Data extracted from a collection:
+++
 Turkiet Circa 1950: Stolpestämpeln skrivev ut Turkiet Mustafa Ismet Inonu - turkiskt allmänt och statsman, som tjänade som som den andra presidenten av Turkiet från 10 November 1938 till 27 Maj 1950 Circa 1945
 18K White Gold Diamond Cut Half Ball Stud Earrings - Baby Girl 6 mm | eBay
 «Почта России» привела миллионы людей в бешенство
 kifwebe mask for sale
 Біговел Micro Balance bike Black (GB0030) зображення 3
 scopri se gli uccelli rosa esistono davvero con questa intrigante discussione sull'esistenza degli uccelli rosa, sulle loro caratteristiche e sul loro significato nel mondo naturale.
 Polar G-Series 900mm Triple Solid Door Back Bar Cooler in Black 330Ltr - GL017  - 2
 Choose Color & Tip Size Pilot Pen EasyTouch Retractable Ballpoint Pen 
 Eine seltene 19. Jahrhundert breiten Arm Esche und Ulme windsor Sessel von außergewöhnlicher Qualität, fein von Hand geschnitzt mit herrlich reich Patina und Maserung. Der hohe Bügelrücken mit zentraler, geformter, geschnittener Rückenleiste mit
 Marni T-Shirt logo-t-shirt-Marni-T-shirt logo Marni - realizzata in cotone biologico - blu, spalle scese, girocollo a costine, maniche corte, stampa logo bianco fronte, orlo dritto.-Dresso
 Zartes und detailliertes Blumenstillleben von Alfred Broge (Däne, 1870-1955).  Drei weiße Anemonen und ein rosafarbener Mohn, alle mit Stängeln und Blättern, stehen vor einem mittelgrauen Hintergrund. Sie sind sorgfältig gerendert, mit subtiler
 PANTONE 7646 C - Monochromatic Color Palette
+++
Your answer should hold exactly the lines from the one containing "Eine seltene 19." to the last line of the data, both included, and no others.

SOLUTION TO THIS EXERCISE:
 Eine seltene 19. Jahrhundert breiten Arm Esche und Ulme windsor Sessel von außergewöhnlicher Qualität, fein von Hand geschnitzt mit herrlich reich Patina und Maserung. Der hohe Bügelrücken mit zentraler, geformter, geschnittener Rückenleiste mit
 Marni T-Shirt logo-t-shirt-Marni-T-shirt logo Marni - realizzata in cotone biologico - blu, spalle scese, girocollo a costine, maniche corte, stampa logo bianco fronte, orlo dritto.-Dresso
 Zartes und detailliertes Blumenstillleben von Alfred Broge (Däne, 1870-1955).  Drei weiße Anemonen und ein rosafarbener Mohn, alle mit Stängeln und Blättern, stehen vor einem mittelgrauen Hintergrund. Sie sind sorgfältig gerendert, mit subtiler
 PANTONE 7646 C - Monochromatic Color Palette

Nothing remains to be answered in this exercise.